Gaurav Arora, who had 10.8 million followers on TikTok and bears an uncanny resemblance to Indian cricketer Virat Kohli, said he had to act quickly.

"I used to earn between 100,000 and 200,000 Indian rupees ($1,155 to $2,310) per month on TikTok," said Arora, who shifted to platforms such as YouTube where he now boasts 11.3 million subscribers.

The vacuum left by TikTok drove a surge toward domestic platforms like Moj and Josh, especially in India's smaller towns and rural areas, where TikTok had transformed locals into stars, showcasing everything from dance routines to personal stories.

Moj and Josh, launched just a month after the ban, have seen lifetime downloads of roughly 360 million and 308 million, respectively, in the country, according to market intelligence firm Sensor Tower.

"TikTok in India catered to every demography and every type of user, not just tier-1 cities. That's why other applications like Moj were quickly able to take advantage of the ban," said Priya Adivarekar, a digital creator and visiting faculty at Xavier Institute of Communications in Mumbai.

In the U.S., a similar trend is unfolding as millions of "TikTok Refugees" sign up for the Chinese social media app RedNote.

However, experts caution that the user experience on these new apps often falls short of what TikTok had provided, allowing U.S. tech giants to fill the gap. Instagram Reels, a TikTok-like service launched in August 2020 just months after the Chinese app was banned in India, has found its biggest audience in the country.

"The only beneficiary (of the ban), if there was any clear beneficiary from this, did seem to be Instagram," said Apar Gupta, observer trustee of Internet Freedom Foundation, an Indian advocacy group.

"The greater loss was to the people of India. ByteDance completely pulled out of India. You didn't have people having the ability of engaging in content or a creator economy to the same extent that others had," he added.

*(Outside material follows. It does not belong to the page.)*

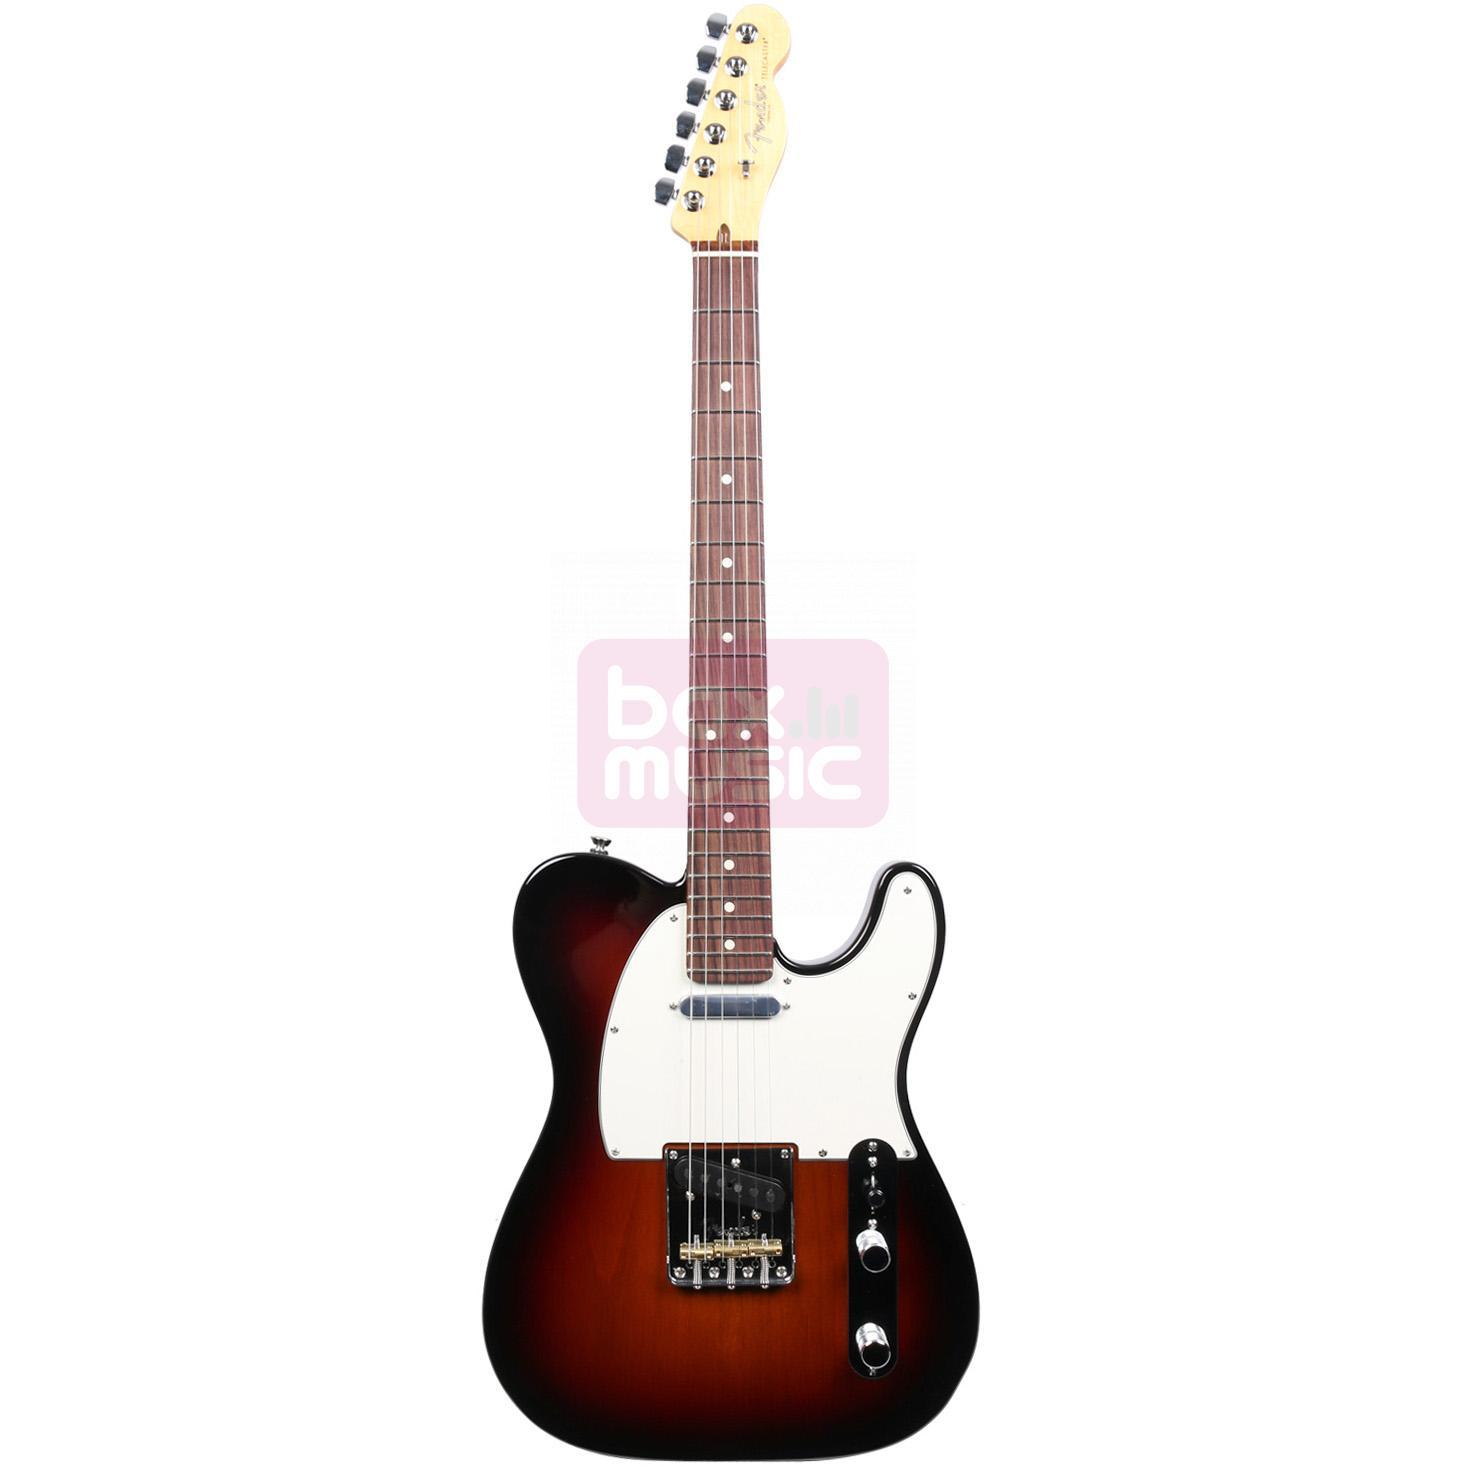 Fender American Professional Telecaster 3-Color Sunburst RW

While TikTok's overall impact on India's economy before the ban is unclear, the company estimates that it drove $15 billion in revenue for U.S. small businesses in 2023 and contributed about $24 billion to the world's largest economy.

"For top influencers, these platform disruptions matter a little less, especially since they are already present on a bunch of platforms," said Aditya Vashistha, assistant professor of Information Science at Cornell University.

© Reuters. FILE PHOTO: TikTok logo is seen in this illustration taken January 8, 2025. REUTERS/Dado Ruvic/Illustration/File Photo

"The impact on the micro-influencers and the mid-tier influencers is going to be much stronger. I see similar ripple effects both in the U.S. and in India."